Recorded data ▸
-*-

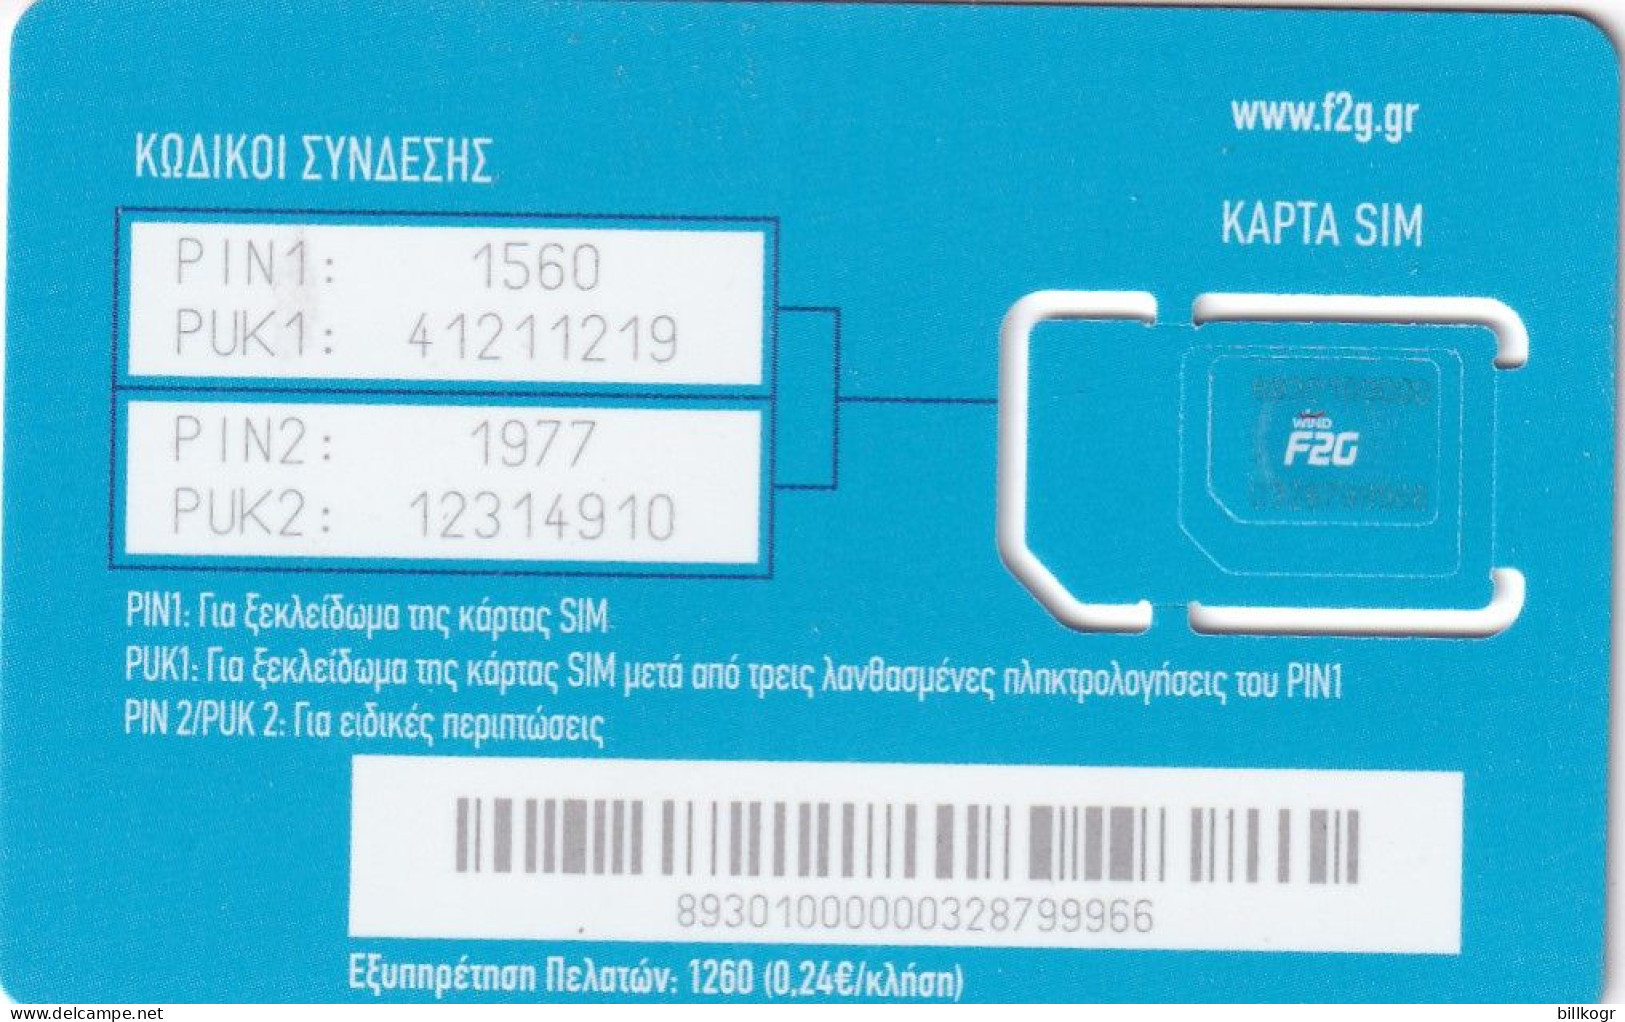 GREECE - F2G, WIND GSM, Mint - Greece
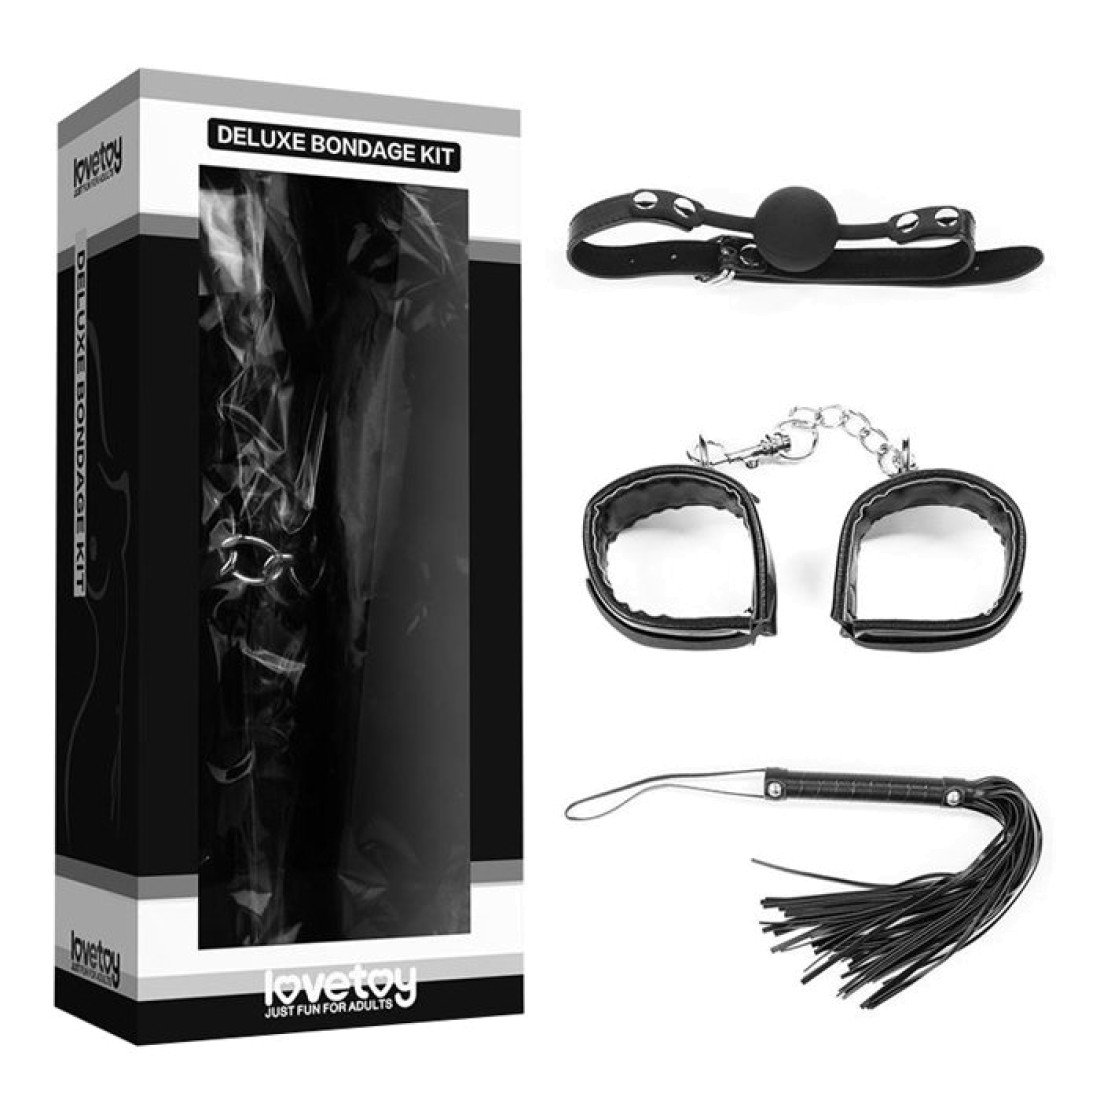 BDSM rinkinys „Deluxe Bondage Kit“ - Love Toy
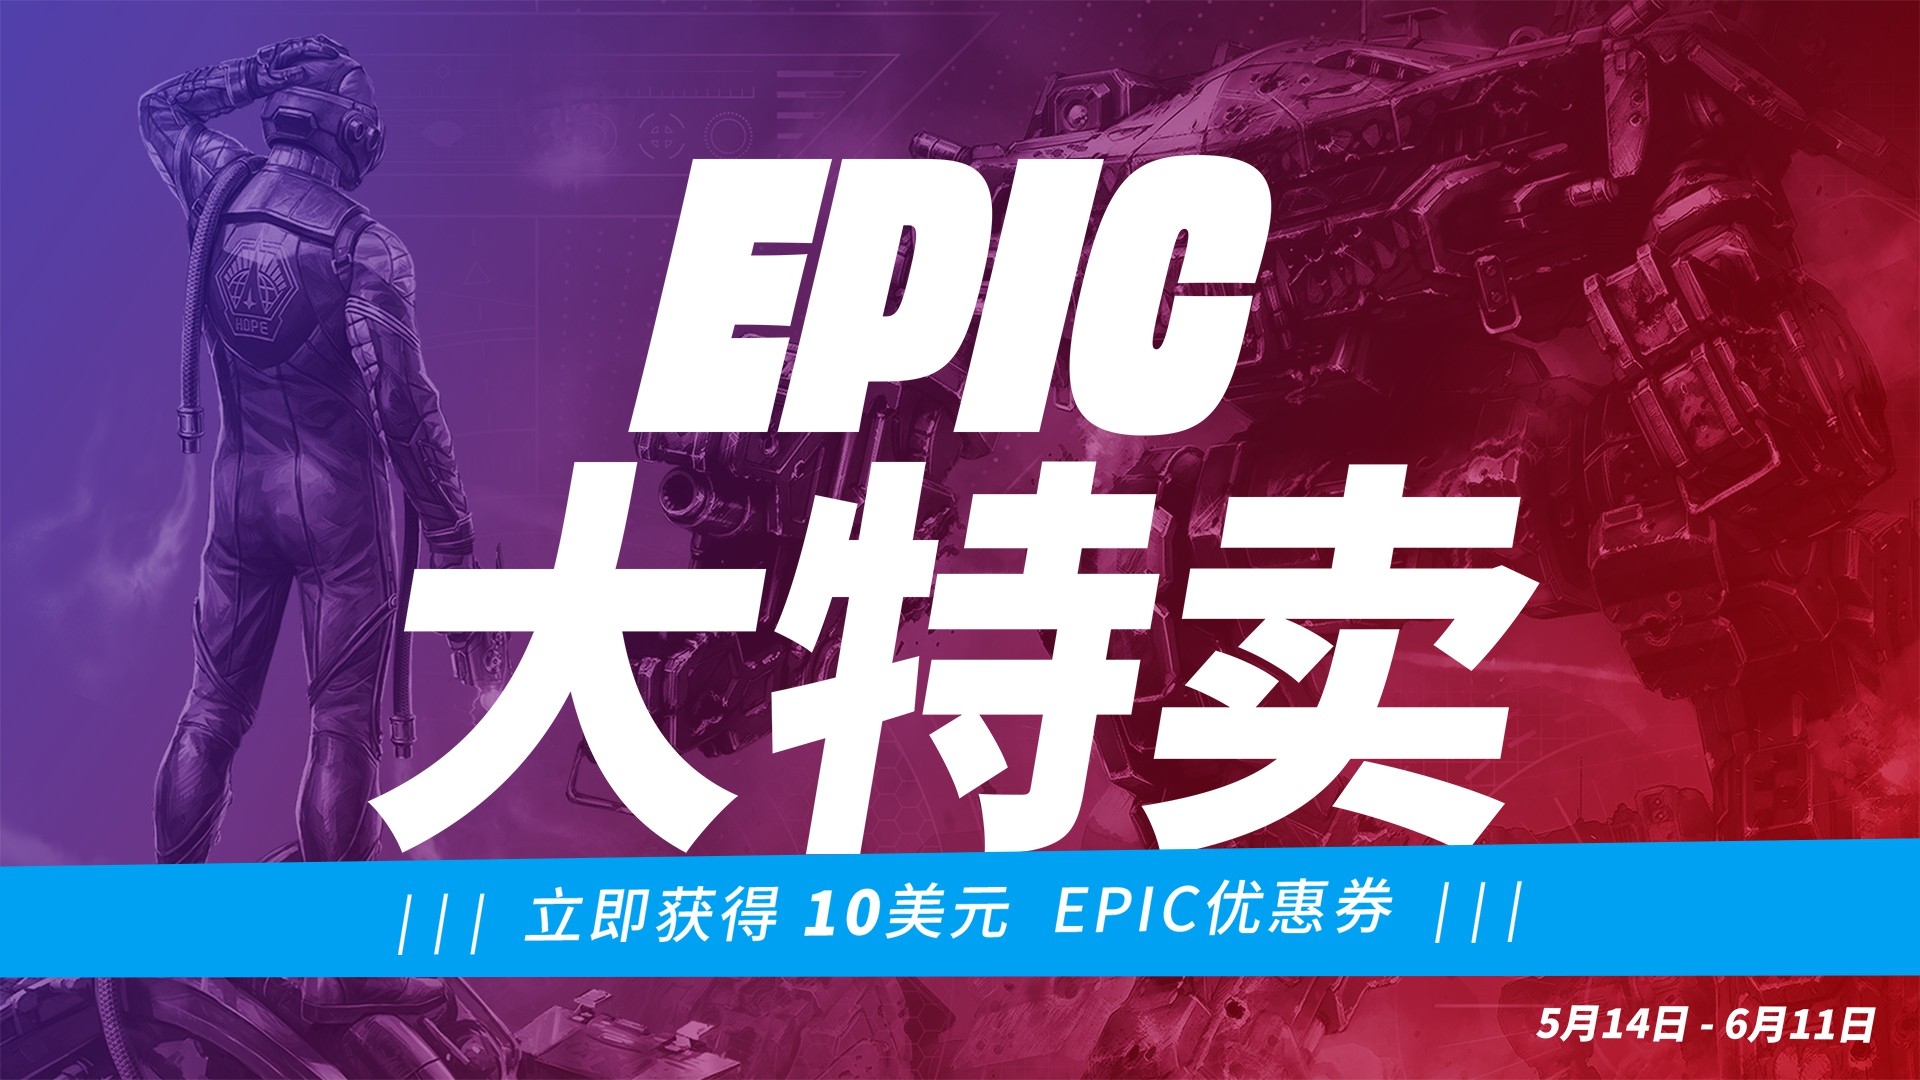 EPIC特卖活动期间每周四晚11点都会送一款游戏

-*-

With the pictures set aside, copy each line above as written.

Result ▸
 GREECE - F2G, WIND GSM, Mint - Greece
 BDSM rinkinys „Deluxe Bondage Kit“ - Love Toy
 EPIC特卖活动期间每周四晚11点都会送一款游戏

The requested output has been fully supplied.